Without Bernie Carbo’s game-tying home run in the bottom of the 8th, we’d have no Fisk game-winner in the bottom of the 12th

Franchises as old as the Boston Red Sox inevitably have had countless unforgettable games, each passed down from generation to generation.

Narrowing down this mass of memorable moments is a task as tall as the Green Monster, but here are our five best Red Sox games of all-time.

October 21, 1975: Red Sox 7, Reds 6

The most iconic home run in both Red Sox and baseball history came in Game 6 of the 1975 World Series. After three days of rain, the series resumed at Fenway with Cincinnati holding a 3-2 series lead.

Up 6-3 in the bottom of the 8th, the Reds looked close to clinching. Bernie Carbo then hit a game-tying pinch-hit jack, but the truly famous home run was yet to come. That happened in the bottom of the 12th, when Carlton Fisk hit (and waved) his infamous solo blast off the foul pole, forcing a decisive Game 7.

October 12, 1986: Red Sox 7, Angels 6

While 1986 isn’t the most fondly-remembered year in Red Sox lore, before Bill Buckner‘s gaffe came one of Boston’s most dramatic postseason games ever. In that year’s ALCS, Anaheim led the series 3-1 and seemed destined for their first World Series trip ever.

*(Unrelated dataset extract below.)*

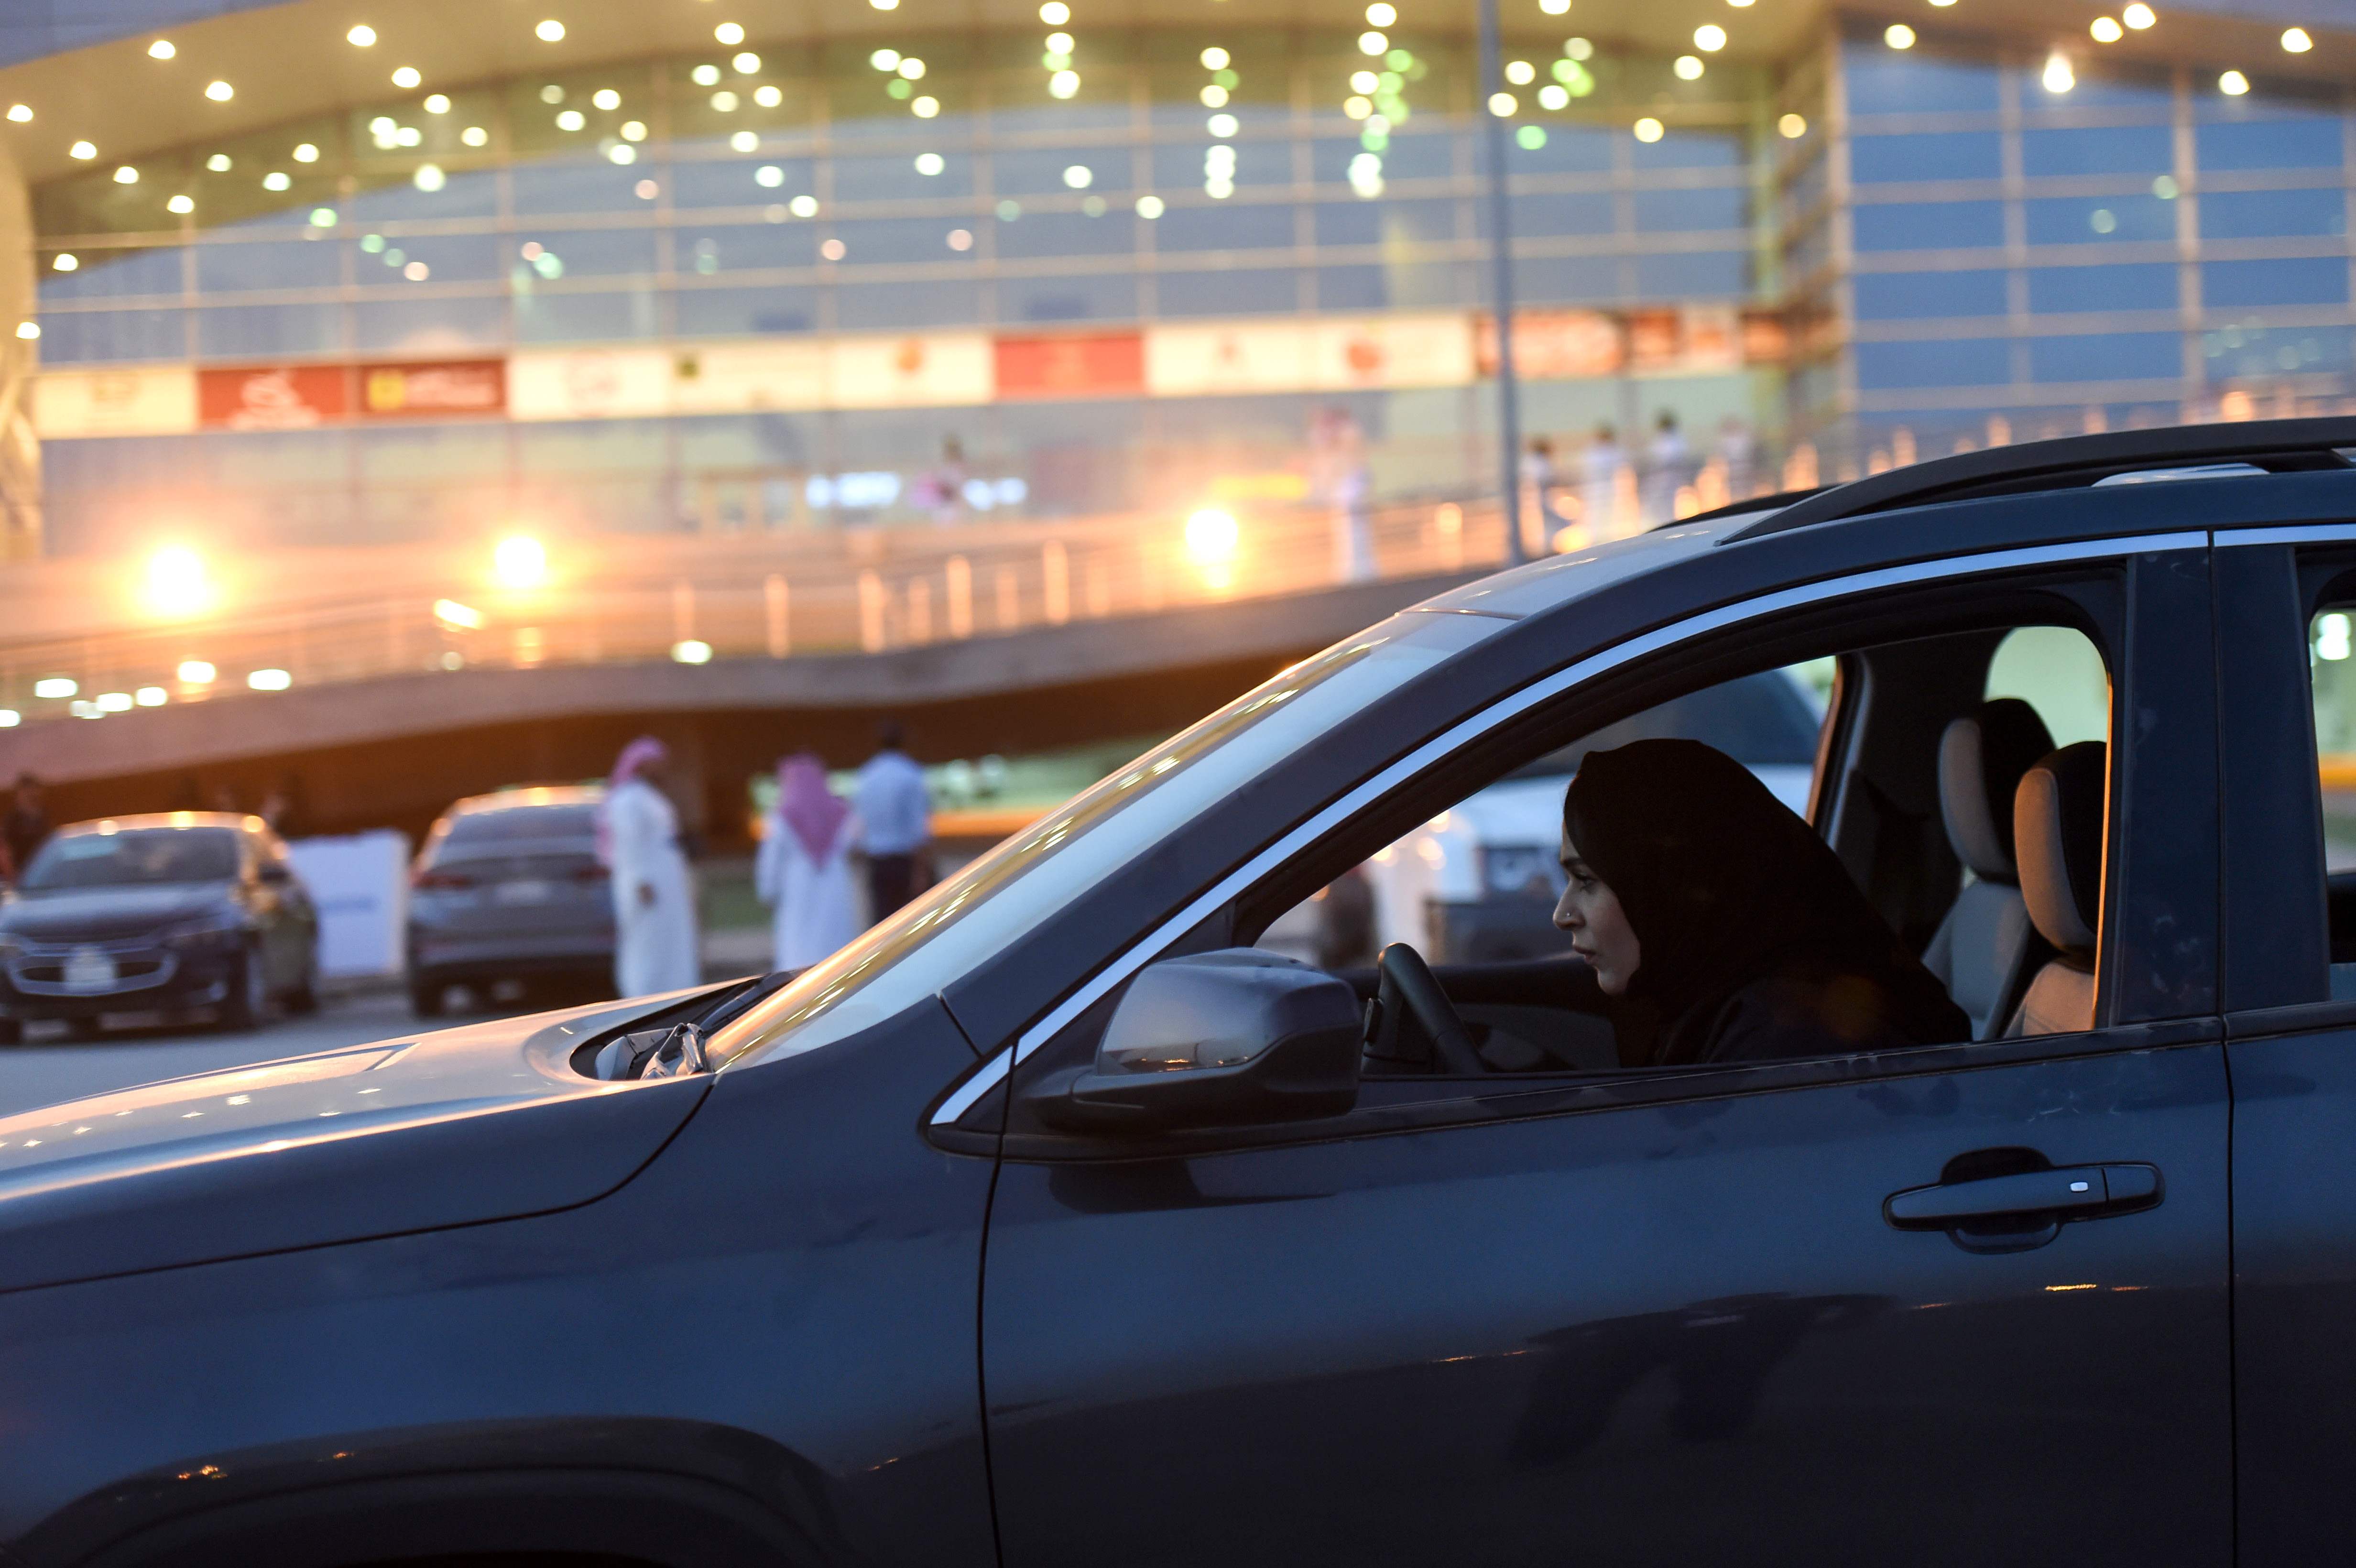 سيدة سعودية تجرب سيارة داخل معرض للسيارات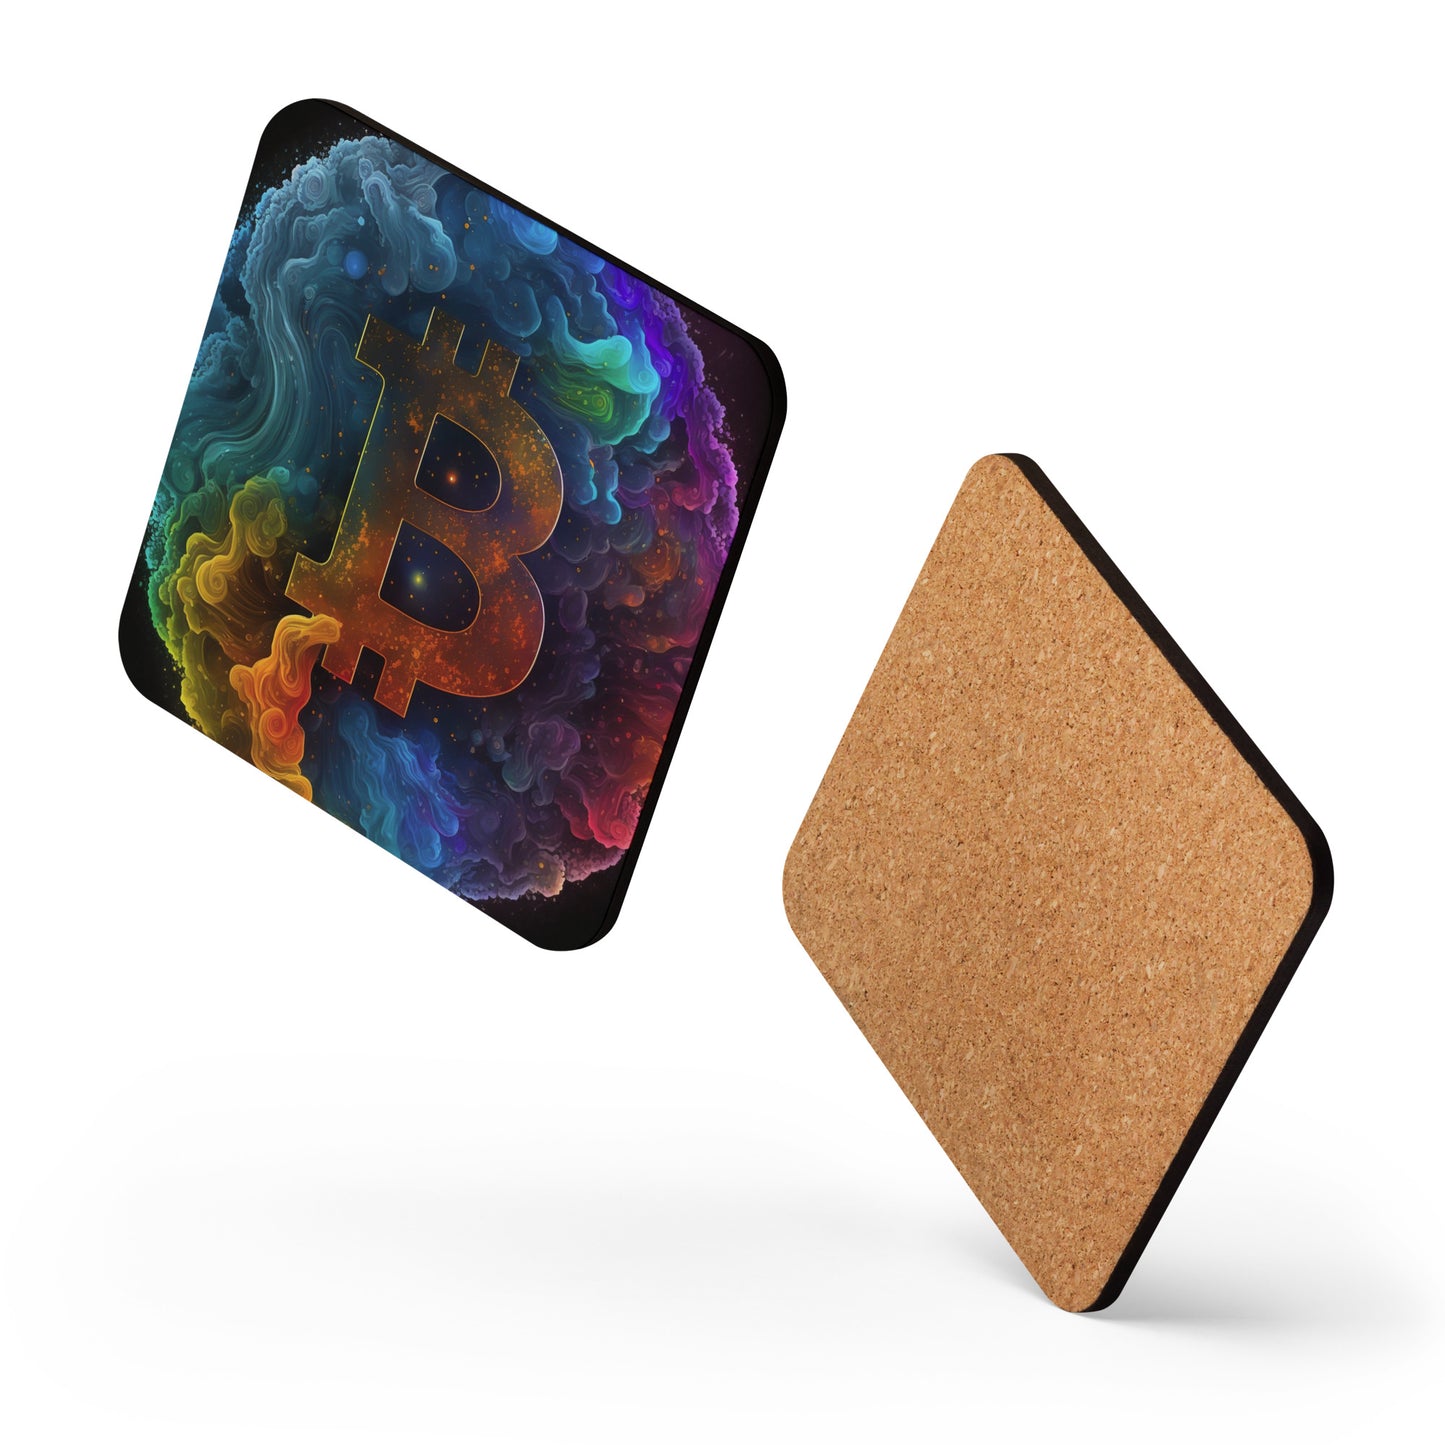 Bitcoin Color Cork-back Coaster

Down 5-1 entering the 9th, Boston clawed back thanks to a two-run home run by Don Baylor. One strike away from losing the series, Dave Henderson then smacked a go-ahead homer to give Boston a 6-5 lead. In the 11th the Red Sox eventually got the win, the first of three straight on their way to winning the pennant.

October 11, 1999: Red Sox 12, Indians 8

This whole list could be great Pedro games, but we opted to choose just one. In Game 1 of the 1999 ALDS, Pedro left the game after four innings due to injury. Boston ended up losing that game and the next, but entering Game 5 the series was tied 2-2.

Bret Saberhagen got the start in place of the still-injured Pedro. After he surrendered five runs in one inning and replacement Derek Lowe did equally as poor, Martinez got the call. Overcoming injury, Pedro threw six scoreless frames allowing Boston to come back and win 12-8 and take the series lead.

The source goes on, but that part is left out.